#### [Instructions for the task]
Repeat the listing that follows, character for character, minus the pictures.

#### [Dataset excerpt]

◆ ◆ ◆ ◆

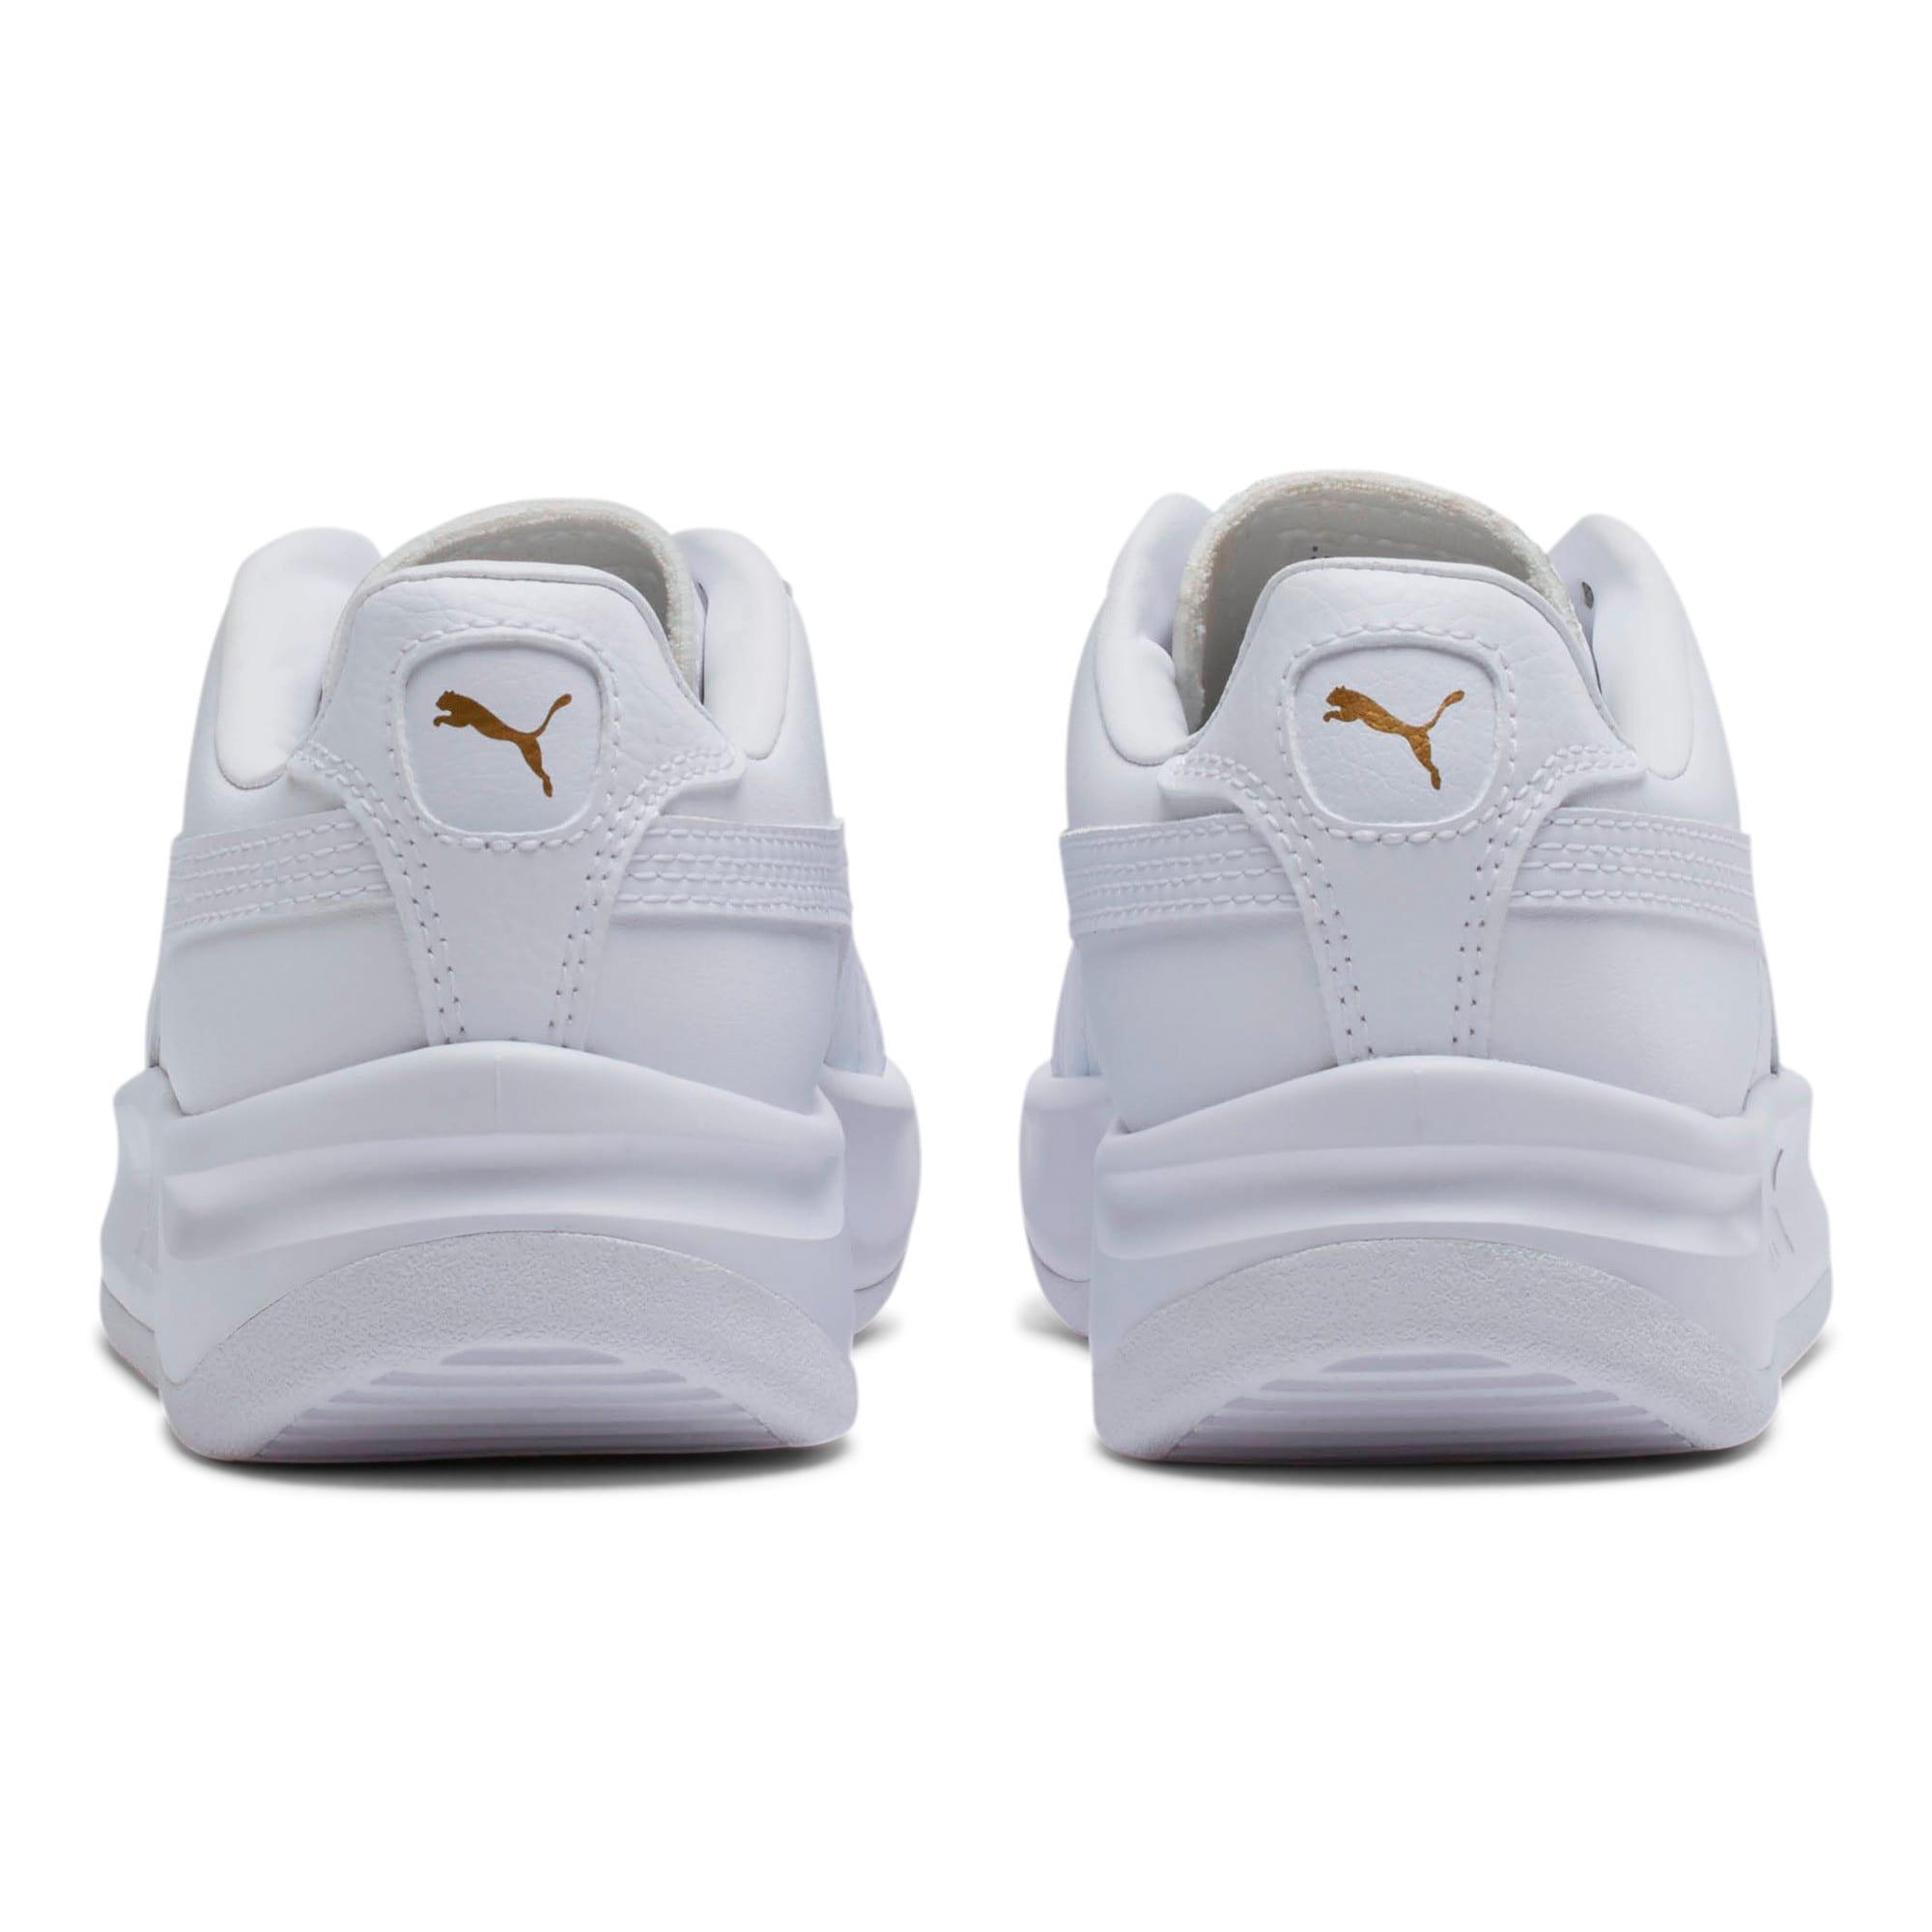 Thumbnail 4 of GV Special Sneakers JR, Puma White-Puma Team Gold, medium
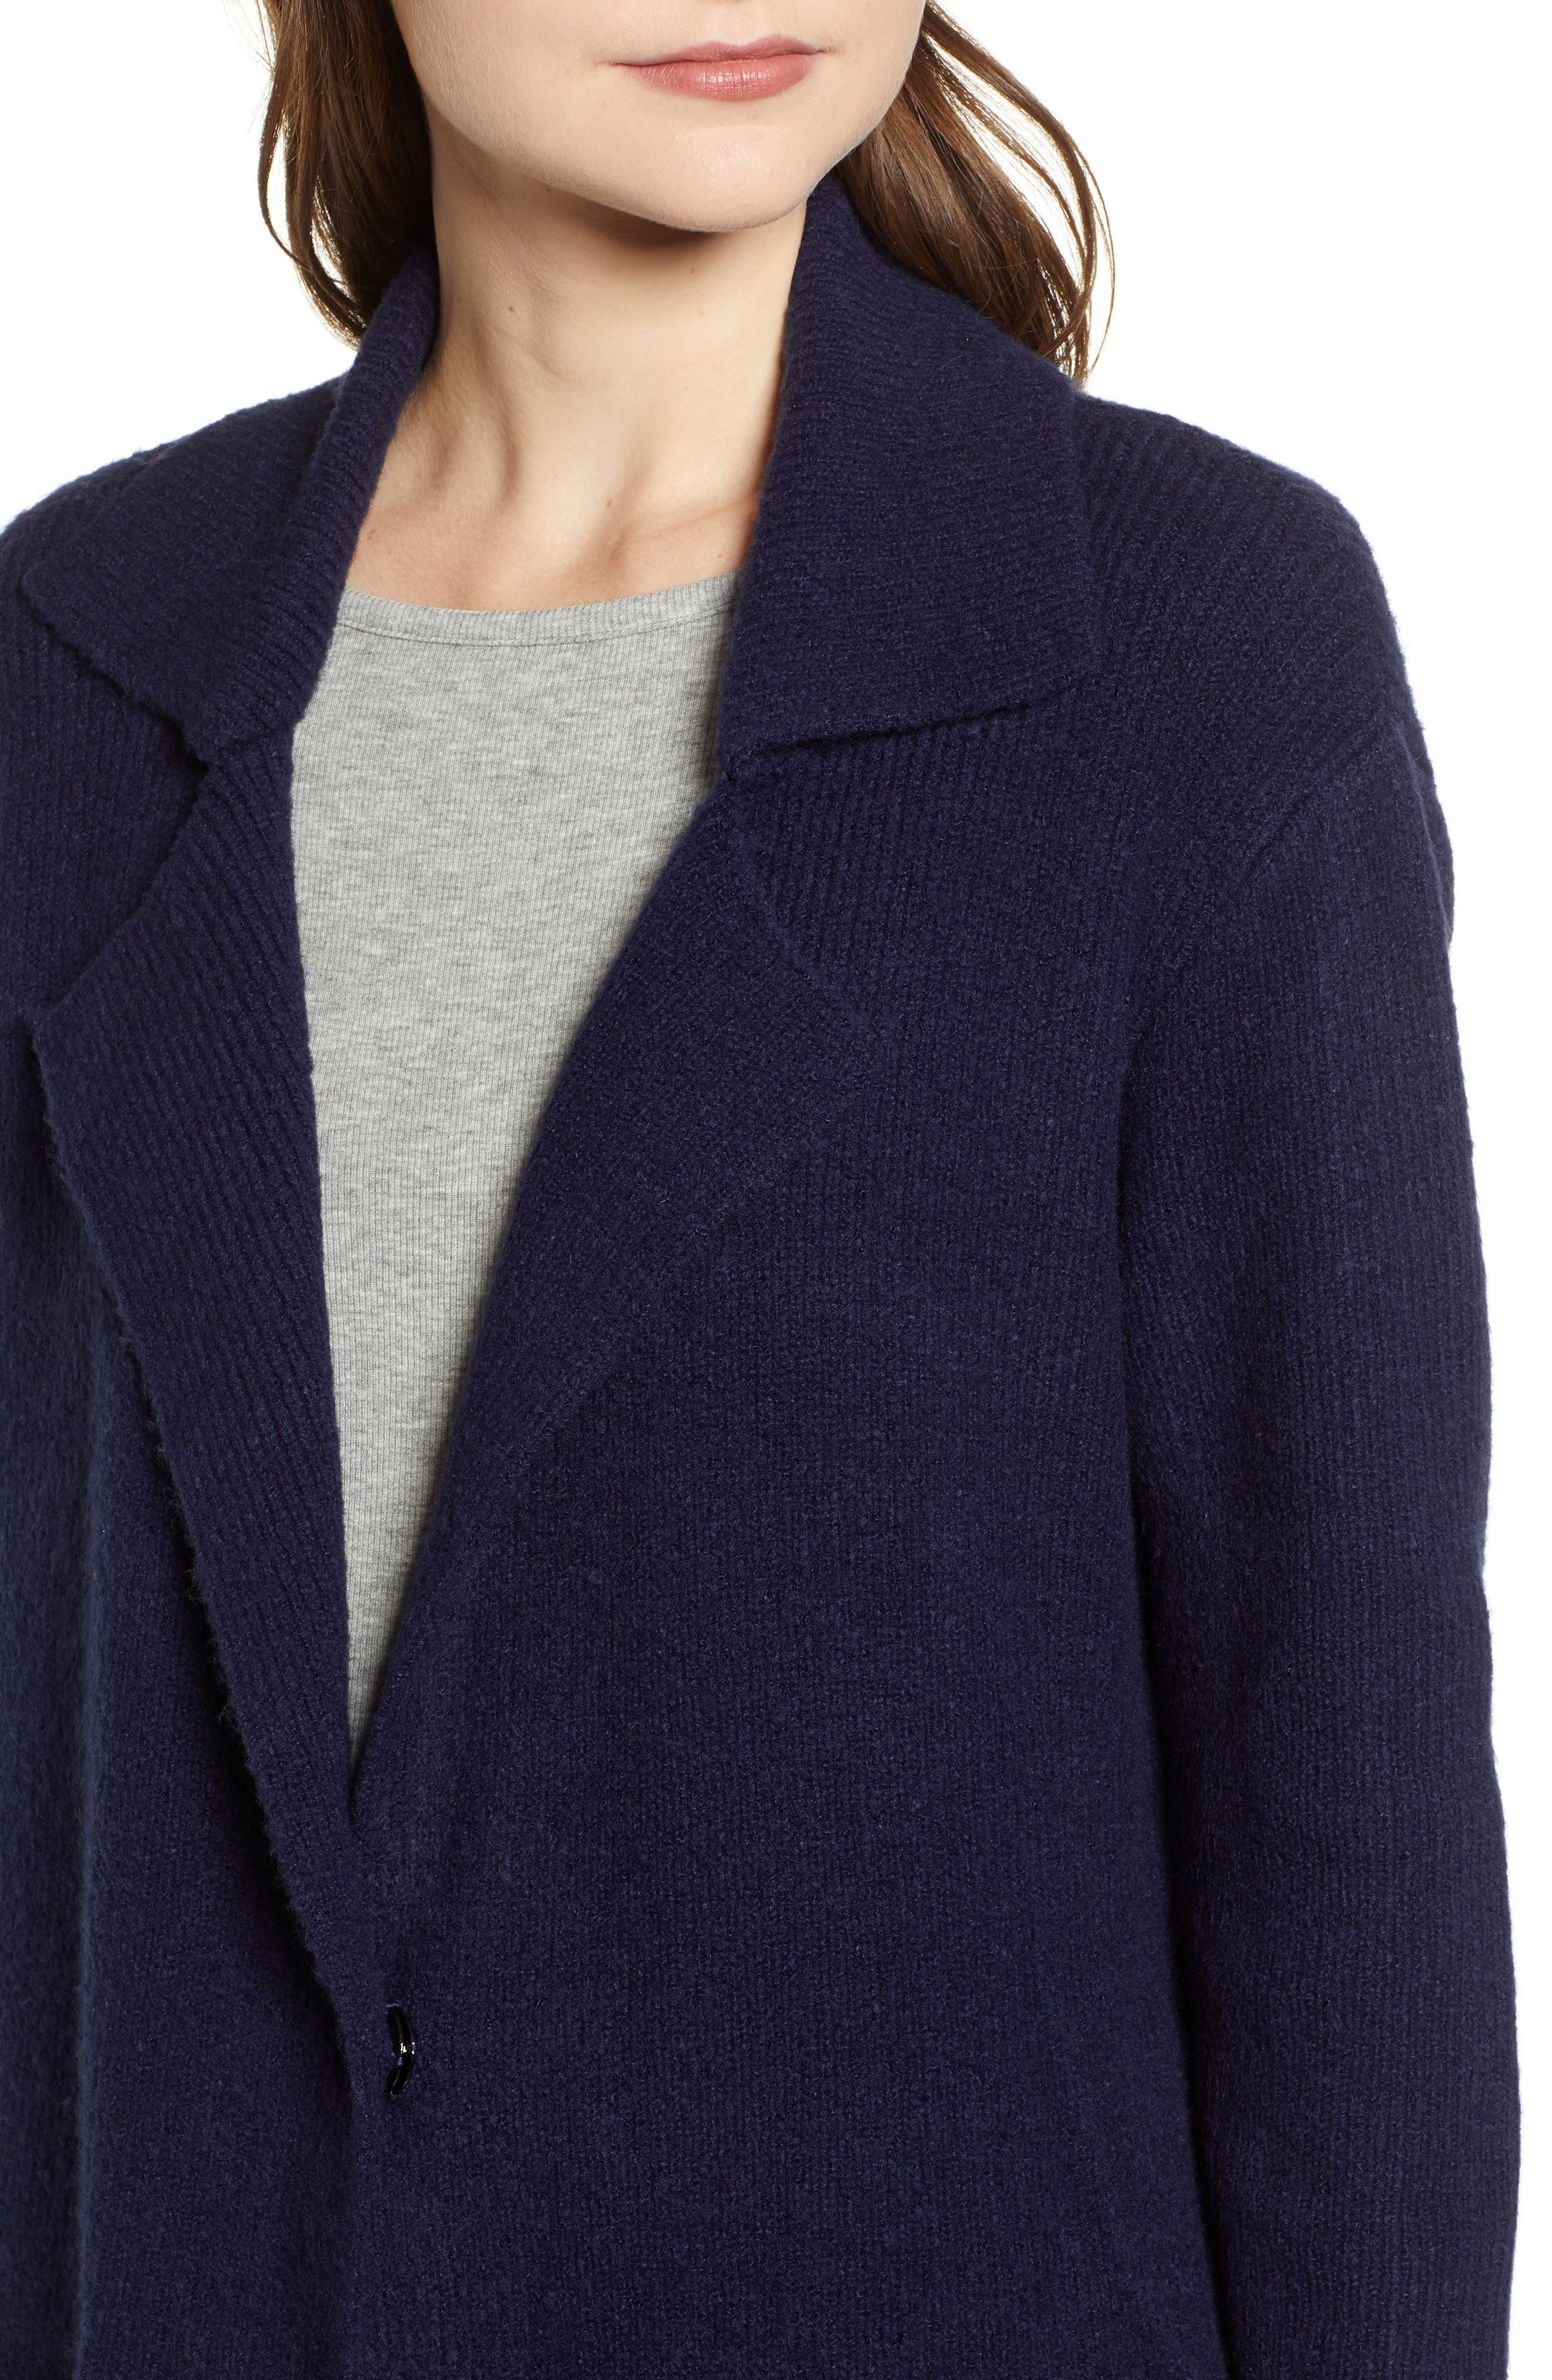 Knit Sweater Coat,                             Alternate thumbnail 4, color,                             NAVY MARITIME
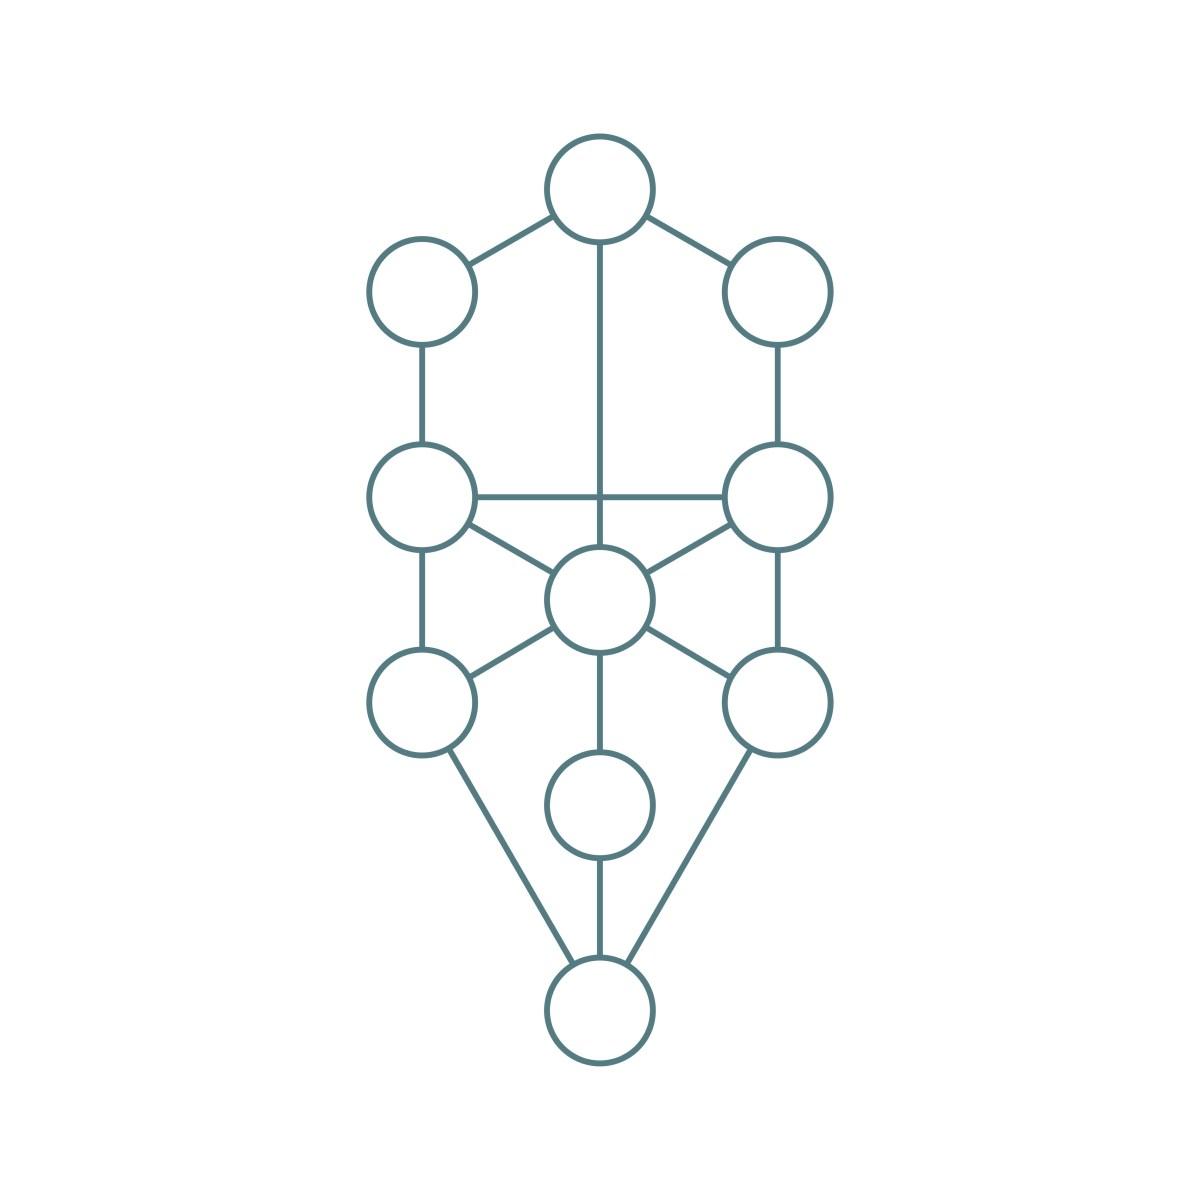 Laminated Grid Four

◆ ◆ ◆ ◆

#### [Response area]
 Thumbnail 4 of GV Special Sneakers JR, Puma White-Puma Team Gold, medium
 Knit Sweater Coat,                             Alternate thumbnail 4, color,                             NAVY MARITIME
 Laminated Grid Four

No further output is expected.